Higher Education or Education
for Hire? Corporatization and the Threat to Democratic Thinking
By: Joel Westheimer |
From the April-May
2010 Issue
Teaching critical thinking is
the university’s democratic mission, argues the University of Ottawa’s Joel
Westheimer, and today’s universities are failing to deliver. Universities need
to reverse the trend that has them focusing on workforce preparation and the
commercialization of knowledge and resurrect higher education’s public purpose.
Ten years ago, I was fired,
which is not in and of itself interesting. After all, many people lose their
jobs every day, especially in times of economic turbulence. For better or
worse, however, most endure such indignity in privacy. The New York Times,
under the headline “New York University Denied Tenure to Union Backer,”
reported that the U.S. government’s National Labor Relations Board “charge[d]

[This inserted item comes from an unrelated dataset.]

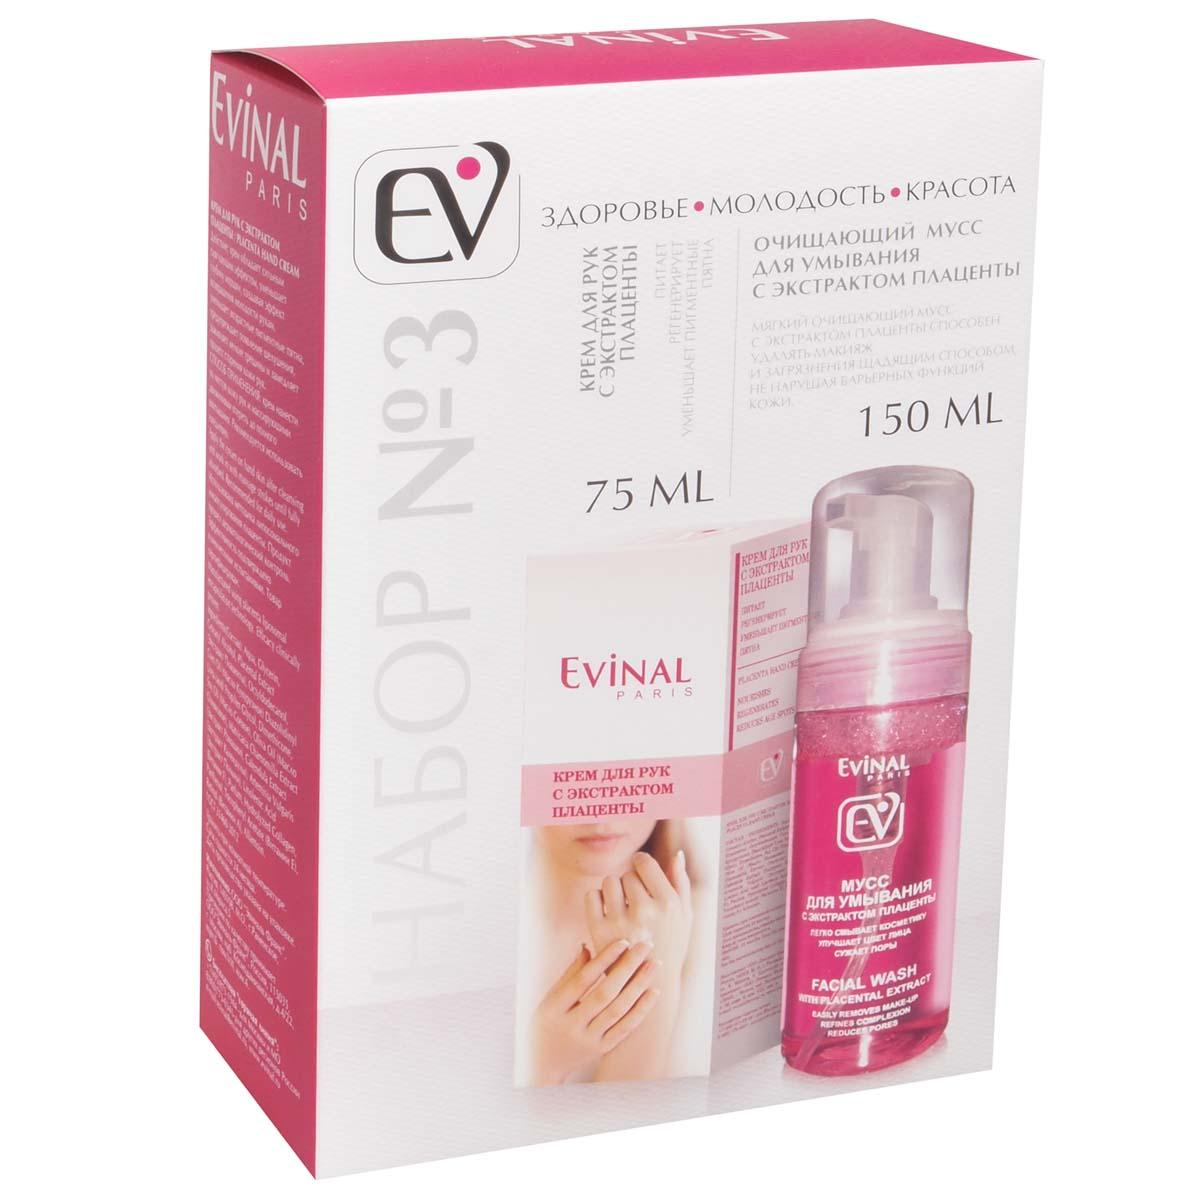 Подарочный набор Evinal №3: Очищающий мусс для умывания с экстрактом плаценты, 150мл.+Крем для рук с экстрактом плаценты, 75мл.0186Подарочный набор №3 (Очищающий мусс для умывания с экстрактом плаценты 150мл.+Крем для рук с экстрактом плаценты 75мл.) в коробке. Состоит из: очищающий мусса для умывания с экстрактом плаценты и крема для рук с экстрактом плаценты. ОЧИЩАЮЩИЙ МУСС ДЛЯ УМЫВАНИЯ С ЭКСТРАКТОМ ПЛАЦЕНТЫМягкий очищающий мусс, разработанный компанией Evinal, способен удалять макияж и загрязнения щадящим способом, не нарушая барьерных функций кожного покрова.Действие: Легко наносится, распределяется и смывается, удаляет без остатка даже стойкий макияж, не вымывает с поверхности кожи необходимые ей эпидермальные липиды, сужает поры, улучшает цвет лица.Способ применения: Небольшое количество мусса нанести на ладонь, вспенить, осторожно массируя, нанести на влажную кожу, затем смыть теплой водой. Использовать утром и вечером. Избегать попадания в глаза.Основные активные вещества: Эkcтракт Плаценты, Пантенол, Токоферил Ацетат, Эkcтракт Ромашки, Масло Герани. Срок годности 30 месяцев. КРЕМ ДЛЯ РУК С ЭКСТРАКТОМ ПЛАЦЕНТЫ Предназначен для ежедневного ухода за кожей рук. Крем содержит экстракт плаценты, который питает, увлажняет, регенерирует кожу, обеспечивая омоложение и максимальную защиту от воздействия вредных факторов окружающей среды.Крем обладает сильным смягчающим эффектом, тонизирует и освежает кожу рук, уменьшает глубину морщин, создавая эффект возвращения молодости рукам, уменьшает возрастные пигментные пятна, предупреждает появление шелушения, заживляет мелкие трещины и замедляет процесс старения кожи рук.Способ применения: крем нанести на чистую кожу рук и массирующими движениями втереть до полного впитывания. Рекомендуется использовать ежедневно.Основные активные вещества: Экстракт плаценты, Масло кукурузное, Масло соевое, Масло оливковое, Экстракт ромашки, Экстракт календулы, Экстракт подорожника, Экстракт полыни, Витамины F, Е, А, Д-пантенол.Хранить при

New York University with illegally denying tenure to a professor who had
testified in favor of allowing graduate students to unionize.” The
Chronicle of Higher Education headline read “A Promising Professor Backs a
Union Drive and Is Rejected for Tenure.” Smaller papers and magazines made
similar observations. I was more concerned at the time with wanting my job back
than with thinking about the broader implications (the cacophony of negative
publicity heaped on NYU offered a sense of just deserts to be sure). But thrust
into the public position as I was did raise one particular concern for my
scholarly interests in democratic education. Nearly every news story cast my
lot as an isolated incident of vengeful retribution by a few university
administrators rather than as a case of something much larger than one
professor (me) or one university (NYU).
For the past 10 years I have
been happily employed by the University of Ottawa and I am pleased to report
that my children have not gone hungry. But whether others view my earlier
dismissal as scandalous or justified, I find the following irrefutable: the
forces that set the process in motion and enabled it to continue are an
inevitable byproduct of dramatic changes the academy has been facing in the
past several decades. These changes have little to do with individual
university employees and much to do with changes in the structures and workings
of the academy itself – not only NYU, but also private and public universities
across the United States and Canada. Universities now model themselves after
corporations seeking to maximize profit, growth, and marketability. As a
result, the democratic mission of the university as a public good has all but
vanished. And many of the (never fully realized) ideals of academic life –
academic freedom (in my case, freedom of political expression), intellectual
independence, collective projects, and pursuit of the common good – have been
circumscribed or taken off the table altogether on a growing number of college
and university campuses across North America.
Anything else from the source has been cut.